Grand Silence, de Théa Rojzman et Sandrine Revel

Je suis peu l’actualité graphique, mais grâce à QuietManon, j’ai découvert le roman graphique Grand Silence, pour lequel elle a eu un coup de cœur et qui a été distingué au festival d’Angoulême. Je ne pouvais donc rien faire d’autre que de le réserver à la médiathèque !

L’histoire

Sur une île inconnue où vivent des humains qui nous ressemblent, une sorte d’usine géante œuvre depuis toujours. Cette étrange usine a pour mission d’avaler les cris rendus muets des enfants.
Elle s’appelle Grand Silence…
Dans un conte pour adultes aussi beau que son sujet est délicat, Théa Rojzman et Sandrine Revel livrent un roman graphique puissant qui explore sans brutalité ni complaisance un fléau que l’on préfère ignorer : celui des violences sexuelles commises sur les enfants.

Mon avis

Quelle découverte, quel incroyable coup de cœur ! Lisez, lisez, lisez Grand Silence ! C’est simple, tout m’a plu dans ce roman graphique ! L’histoire est magnifique, tout autant que les graphismes. Théa Rojzman et Sandrine Revel nous livrent un conte noir tragique, politique, émouvant, et en même temps plein d’espoir, très engagé. La manière dont les violences sexuelles commises envers les enfants est extrêmement intelligente, et très émouvante, tant niveau graphique que scénaristique.

Le roman est très imagé, et présente de manière particulière le tabou que représentent ces violences, la dualité entre victime et bourreau, le bris du corps et de l’esprit au moment de l’agression.
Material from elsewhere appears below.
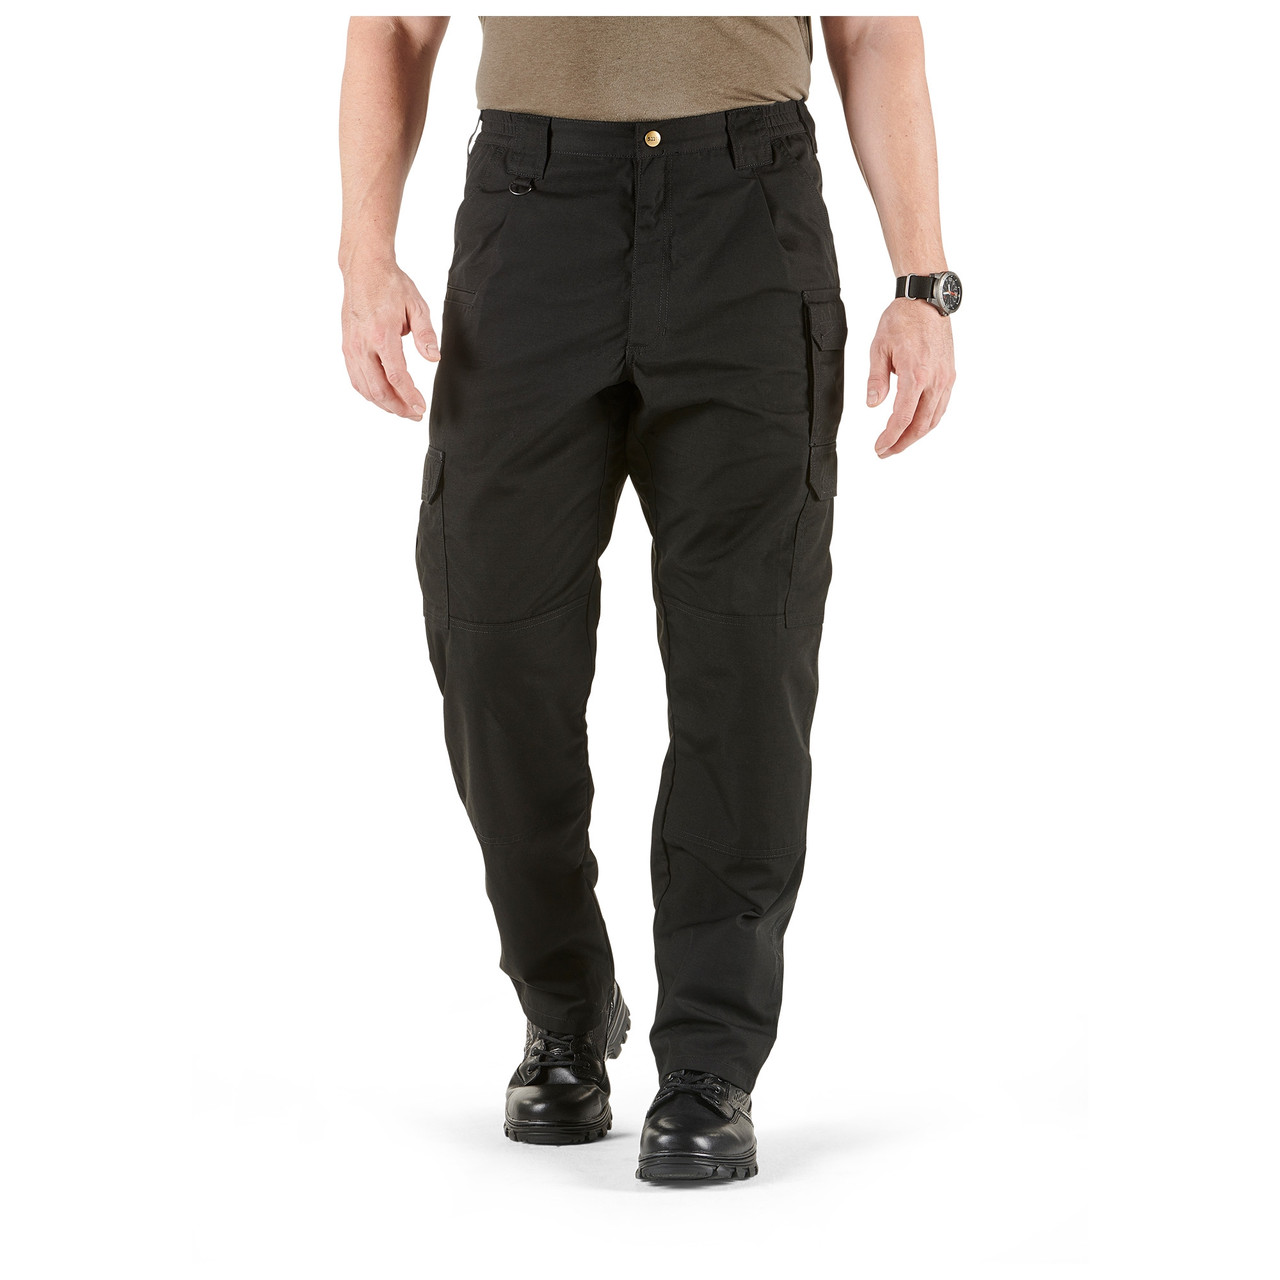 5.11 Taclite Pro Pants (Dark Navy, Black, Khaki)

J’ai adoré l’ambiance graphique de Sandrine Rével : on ressent le poids de ce silence qui sort de l’énorme usine qui domine l’île, le mal être des victimes qui transparait sur leurs corps et leur attitude. J’ai beaucoup aimé la colorisation du roman, avec des couleurs tristes puis une explosion de couleurs en fonction de l’évolution de l’intrigue. Une véritable ambiance de conte se dégage des planches de ce roman graphique, et j’ai énormément apprécié cela !

Le côté graphique pourrait laisser à penser que cet ouvrage s’adresse à la jeunesse. C’est le cas, mais pas seulement. Ce livre est à mettre entre toutes les mains, de 9 à 99 ans ! L’histoire est tellement émouvante qu’elle ne peut que toucher les plus adultes, et les plus jeunes seront prévenus des risques et de l’importance de lever le tabou sur ces violences, et de l’ambivalence que peut représenter une victime qui devient bourreau.

Je ne peux que recommander à 3245% ce roman graphique, conte dramatique d’une profondeur inouïe, qui traite des violences sexuelles infligées aux enfants de manière pudique mais intelligente, jusqu’au-boutiste et sans a priori. Une pépite, un coup de cœur !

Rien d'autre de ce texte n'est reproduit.